#### WHAT YOU ARE ASKED TO DO
Output the listing exactly, without its pictures.

#### DATA PROVIDED
===
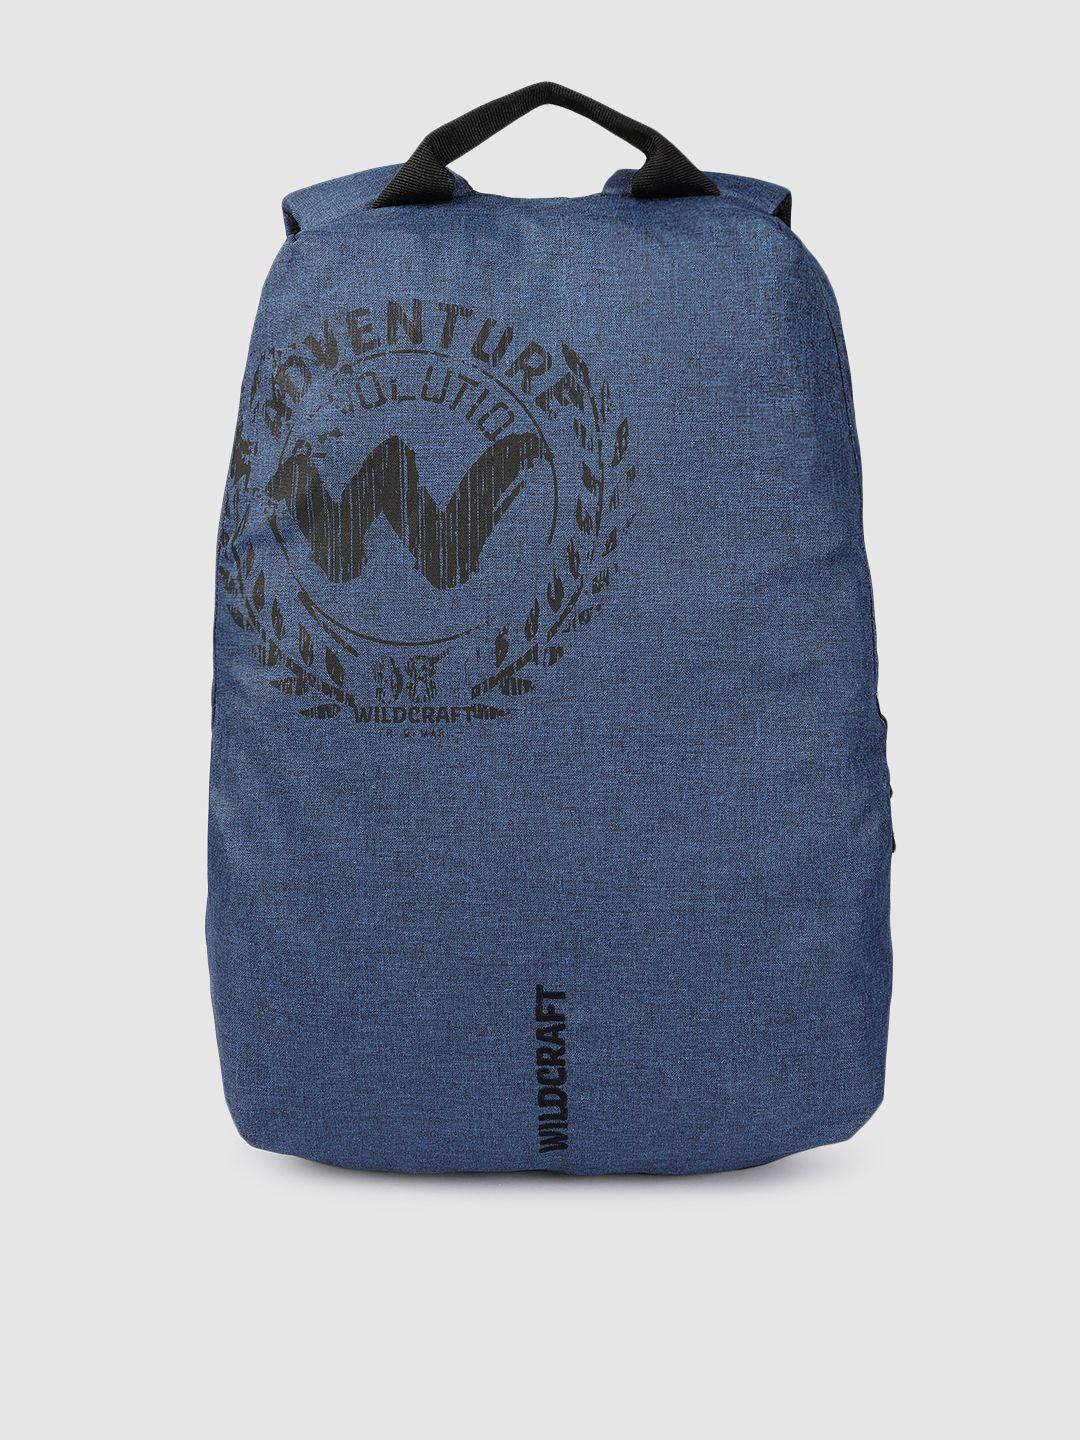 wildcraft-unisex-blue-knight_mel-brand-logo-backpack
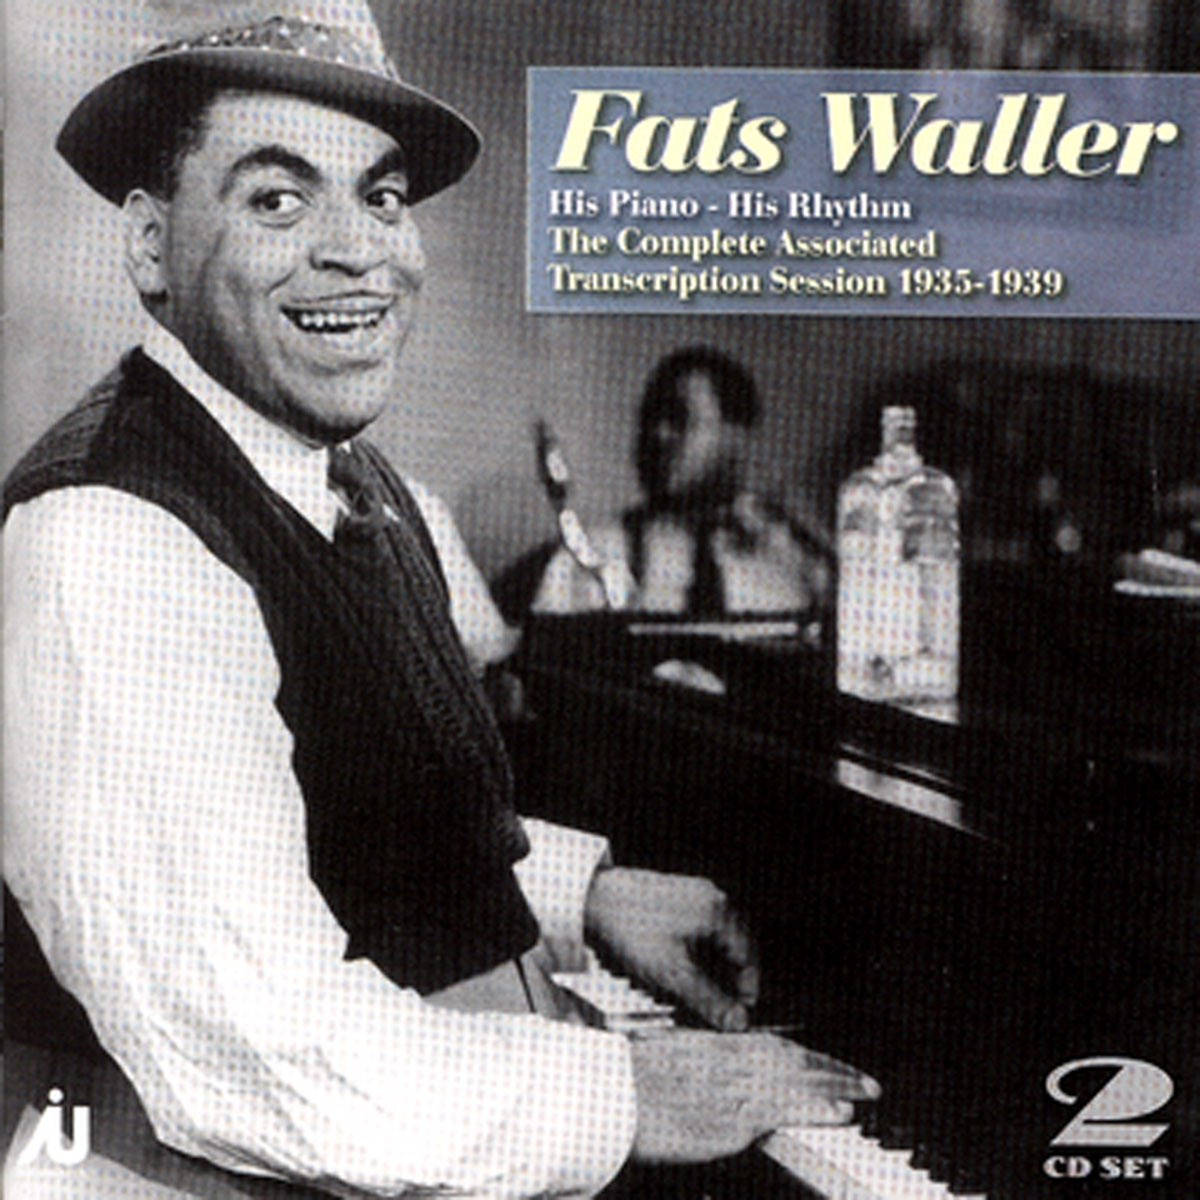 Fats Waller His Piano His Rhythm Album Cover Wallpaper
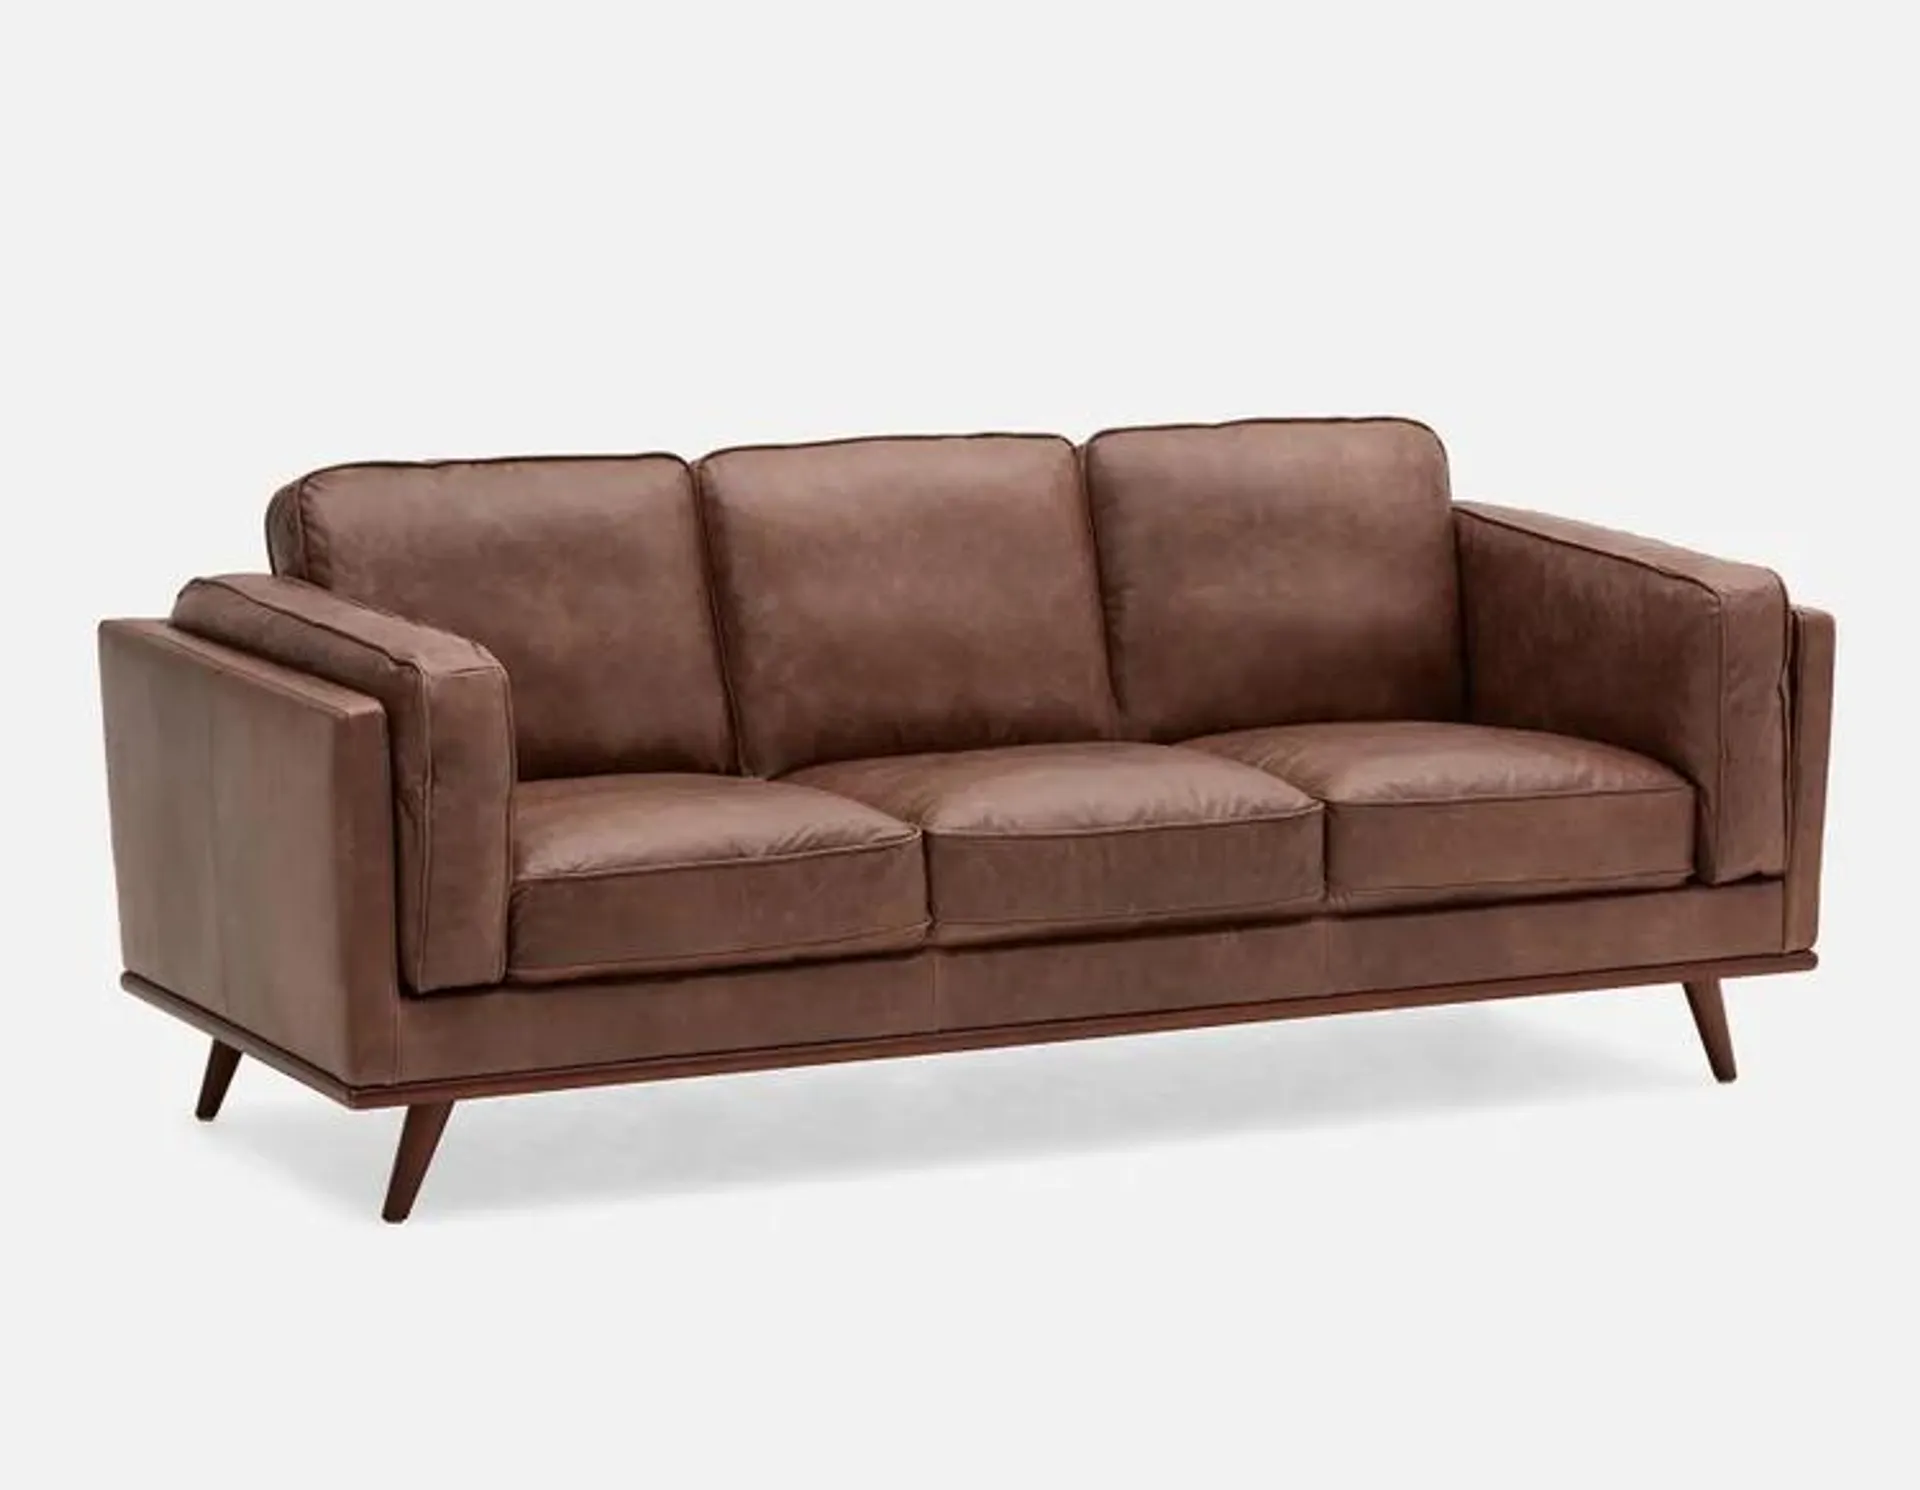 ROWAN 100% leather 3-seater Sofa
===
#### OUTPUT FOR THIS EXERCISE
 wildcraft-unisex-blue-knight_mel-brand-logo-backpack
 Fats Waller His Piano His Rhythm Album Cover Wallpaper
 ROWAN 100% leather 3-seater Sofa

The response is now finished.